Exercise aim: In the records below, the lines from the one with "Comedor nantes 6" through the last are to be printed exactly, and nothing else.

======

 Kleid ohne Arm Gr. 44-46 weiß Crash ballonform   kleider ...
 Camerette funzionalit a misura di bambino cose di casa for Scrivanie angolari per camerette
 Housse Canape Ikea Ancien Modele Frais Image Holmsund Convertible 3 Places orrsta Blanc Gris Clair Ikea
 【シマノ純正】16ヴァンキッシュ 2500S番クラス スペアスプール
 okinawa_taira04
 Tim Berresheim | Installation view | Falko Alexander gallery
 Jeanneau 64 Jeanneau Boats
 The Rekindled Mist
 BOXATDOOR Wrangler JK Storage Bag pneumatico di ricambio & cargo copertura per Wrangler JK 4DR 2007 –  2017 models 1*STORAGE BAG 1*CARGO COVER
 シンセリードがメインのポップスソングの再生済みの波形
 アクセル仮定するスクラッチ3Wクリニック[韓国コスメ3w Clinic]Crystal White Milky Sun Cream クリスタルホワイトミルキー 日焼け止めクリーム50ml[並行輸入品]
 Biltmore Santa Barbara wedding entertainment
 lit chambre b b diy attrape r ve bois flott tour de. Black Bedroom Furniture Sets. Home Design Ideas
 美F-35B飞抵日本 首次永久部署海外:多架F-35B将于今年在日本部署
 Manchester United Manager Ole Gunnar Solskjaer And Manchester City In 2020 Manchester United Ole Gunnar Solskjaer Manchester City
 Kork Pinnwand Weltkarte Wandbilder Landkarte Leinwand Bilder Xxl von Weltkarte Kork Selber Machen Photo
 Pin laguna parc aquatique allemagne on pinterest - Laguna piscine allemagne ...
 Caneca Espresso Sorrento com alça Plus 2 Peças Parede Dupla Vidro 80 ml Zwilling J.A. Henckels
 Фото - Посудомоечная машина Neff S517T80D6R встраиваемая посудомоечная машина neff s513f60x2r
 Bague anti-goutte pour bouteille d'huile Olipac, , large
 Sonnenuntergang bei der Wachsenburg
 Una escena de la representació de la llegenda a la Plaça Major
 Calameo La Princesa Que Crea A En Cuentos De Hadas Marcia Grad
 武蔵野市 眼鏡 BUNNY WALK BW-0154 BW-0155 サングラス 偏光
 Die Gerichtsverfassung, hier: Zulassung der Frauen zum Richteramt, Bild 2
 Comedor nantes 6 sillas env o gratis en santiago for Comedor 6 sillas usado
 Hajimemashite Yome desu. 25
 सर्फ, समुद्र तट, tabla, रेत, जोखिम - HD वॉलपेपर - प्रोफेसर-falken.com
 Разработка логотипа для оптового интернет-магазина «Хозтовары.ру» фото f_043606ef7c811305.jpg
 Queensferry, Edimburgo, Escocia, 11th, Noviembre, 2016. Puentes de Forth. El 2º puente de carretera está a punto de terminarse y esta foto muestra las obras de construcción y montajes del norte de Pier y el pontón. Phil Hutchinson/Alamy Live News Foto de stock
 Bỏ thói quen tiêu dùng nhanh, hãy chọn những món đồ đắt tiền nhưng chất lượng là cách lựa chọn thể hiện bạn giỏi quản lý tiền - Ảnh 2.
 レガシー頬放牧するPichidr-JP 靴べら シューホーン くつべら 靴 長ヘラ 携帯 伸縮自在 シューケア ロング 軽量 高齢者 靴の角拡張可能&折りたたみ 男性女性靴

======

Solution:
 Comedor nantes 6 sillas env o gratis en santiago for Comedor 6 sillas usado
 Hajimemashite Yome desu. 25
 सर्फ, समुद्र तट, tabla, रेत, जोखिम - HD वॉलपेपर - प्रोफेसर-falken.com
 Разработка логотипа для оптового интернет-магазина «Хозтовары.ру» фото f_043606ef7c811305.jpg
 Queensferry, Edimburgo, Escocia, 11th, Noviembre, 2016. Puentes de Forth. El 2º puente de carretera está a punto de terminarse y esta foto muestra las obras de construcción y montajes del norte de Pier y el pontón. Phil Hutchinson/Alamy Live News Foto de stock
 Bỏ thói quen tiêu dùng nhanh, hãy chọn những món đồ đắt tiền nhưng chất lượng là cách lựa chọn thể hiện bạn giỏi quản lý tiền - Ảnh 2.
 レガシー頬放牧するPichidr-JP 靴べら シューホーン くつべら 靴 長ヘラ 携帯 伸縮自在 シューケア ロング 軽量 高齢者 靴の角拡張可能&折りたたみ 男性女性靴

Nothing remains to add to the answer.